Uncovering critical transitions and molecule mechanisms in disease progressions using Gaussian graphical optimal transport

Wenbo Hua,Ruixia Cui,Heran Yang,Jingyao Zhang,Chang Liu,Jian Sun
DOI: https://doi.org/10.1101/2024.04.24.590914
2024-04-28
Abstract:Understanding disease progression is crucial for detecting critical transitions and finding trigger molecules, facilitating early diagnosis interventions. However, the high dimensionality of data and the lack of aligned samples across disease stages have posed challenges in addressing these tasks. We present a novel framework, Gaussian Graphical Optimal Transport (GGOT), for analyzing disease progressions. The proposed GGOT uses Gaussian graphical models, incorporating protein interaction networks, to characterize the data distributions at different disease stages. Then we use population-level optimal transport to calculate the Wasserstein distances and transport maps between stages, enabling us to detect critical transitions. By analyzing the per-molecule transport distance, we quantify the importance of each molecule and identify trigger molecules. Moreover, GGOT predicts the occurrence of critical transitions in unseen samples and visualizes the disease progression process.

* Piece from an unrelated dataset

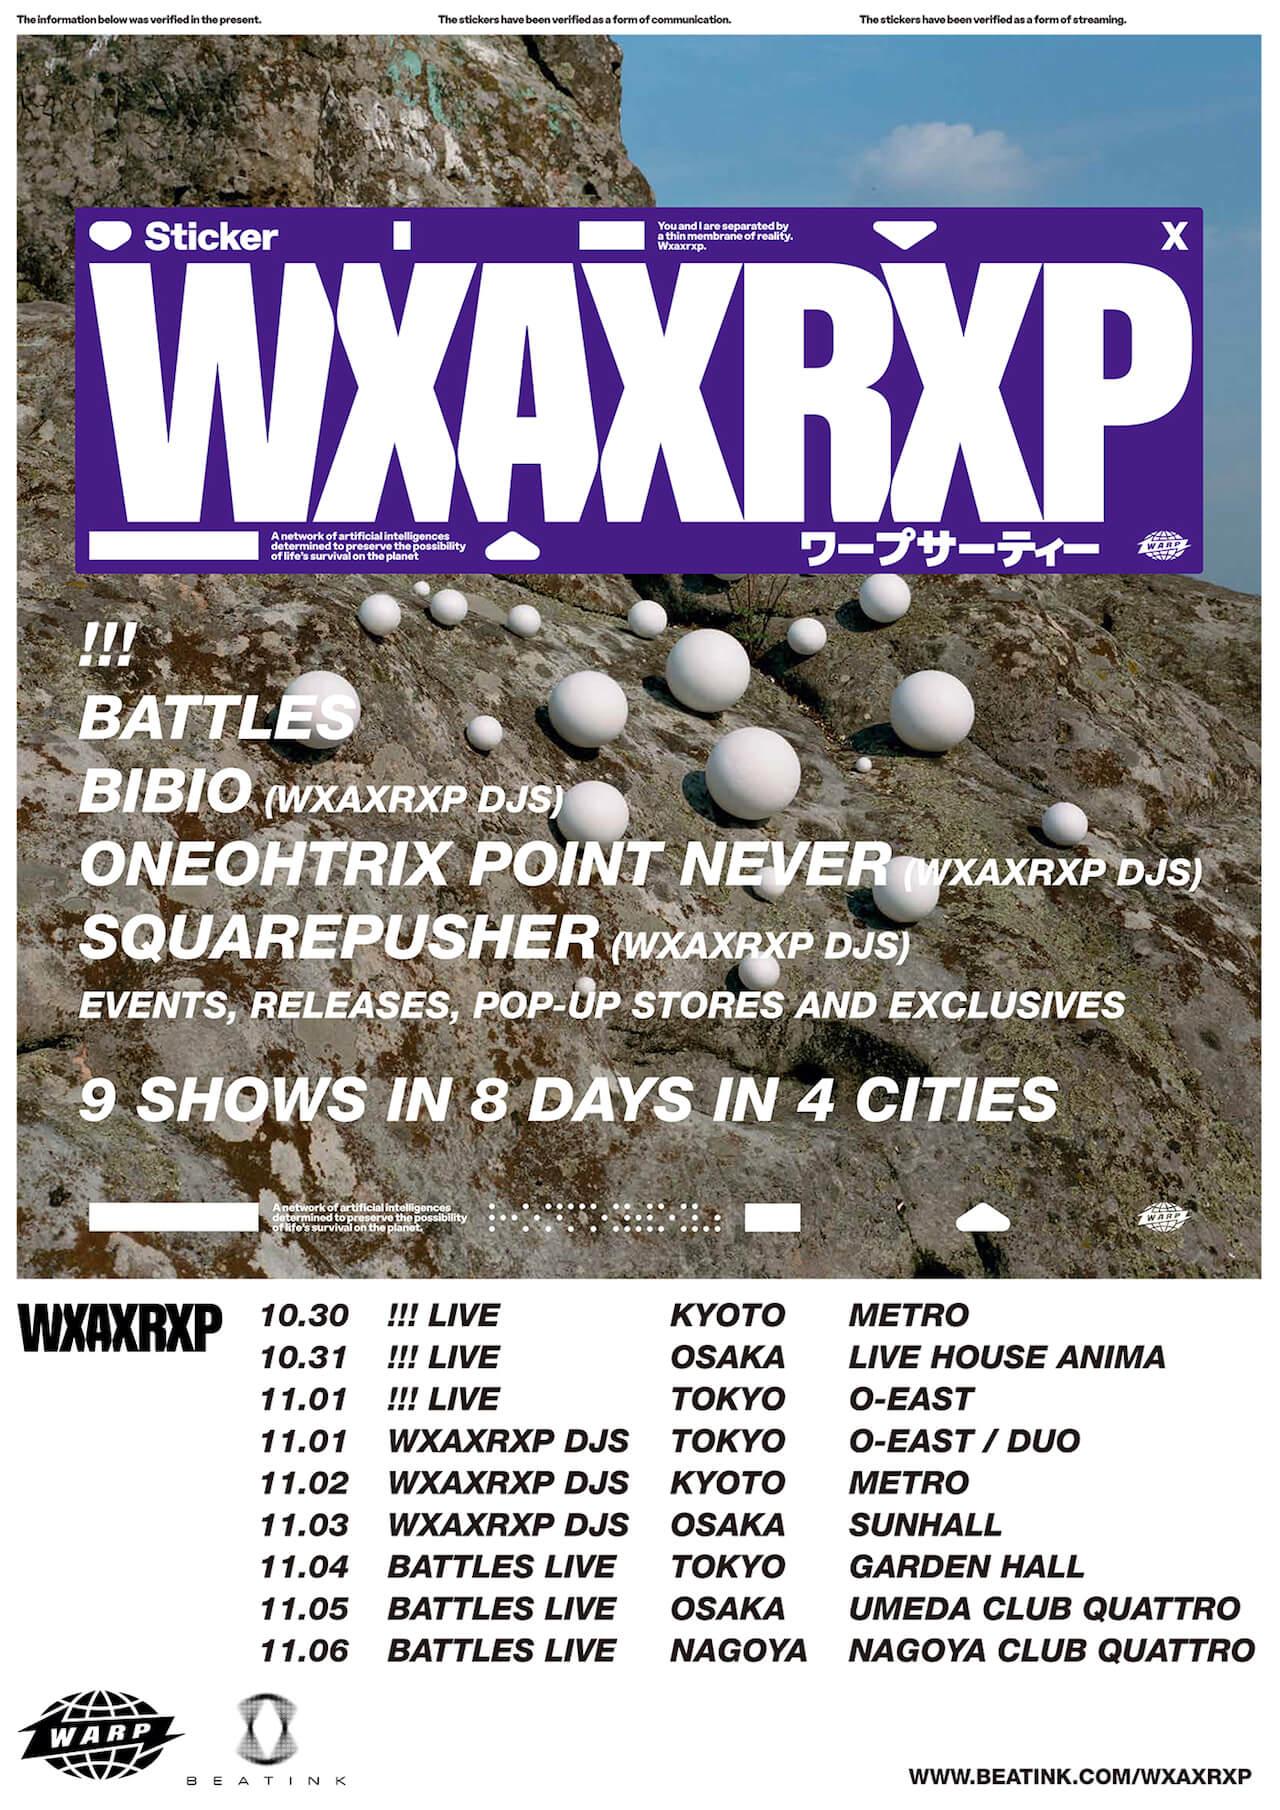 〈WARP〉から5曲セレクトするプレイリスト企画「MY WXAXRXP」第2弾に石若駿、in the blue shirt 有村 崚、江崎文武、片瀬那奈、Kenmochi Hidefumi、食品まつり a.k.a foodman、Dos Monosの7組が登場 music190912-warprecords

We apply GGOT to the simulation dataset and six disease datasets with varying disease progression rates, to show its effectiveness for detecting critical transitions and identifying trigger molecules.
Bioinformatics
What problem does this paper attempt to address?
### Problems the Paper Aims to Solve This paper aims to address the detection of critical transitions during disease progression and the identification of trigger molecules. Specifically: 1. **Dynamic Analysis of Disease Progression**: - Understanding that disease progression is a dynamic process involving multiple pathological stages. - Critical transitions refer to sudden and irreversible deterioration points in the disease state. 2. **Challenges and Difficulties**: - High-dimensional data and difficulty in aligning samples from different disease stages. - Patient states may change little near the critical point, leading to sudden and hard-to-detect transitions. - Factors such as noise, patient heterogeneity, sample imbalance, and model inaccuracy affect the reliable detection of critical transitions. - Disease progression is driven by numerous molecules, with gene networks exhibiting complex nonlinear behavior. 3. **Proposed Method**: - A new framework called Gaussian Graphical Optimal Transport (GGOT) is proposed for analyzing disease progression. - GGOT uses a Gaussian graphical model embedded with a protein-protein interaction network (PPI) to describe data distributions at different disease stages. - It employs population-level optimal transport to compute the Wasserstein distance and transport mapping between stages to detect critical transitions. - By analyzing the transport distance of each molecule, it quantifies the importance of each molecule and identifies trigger molecules. - GGOT can also predict the occurrence of critical transitions in unseen samples and visualize the disease progression process. Through these methods, the paper addresses the limitations of existing methods in handling complex disease data, such as sample imbalance and noise impact, and validates the effectiveness of GGOT on simulated data and six real disease datasets. These findings further demonstrate the advantages of the proposed method.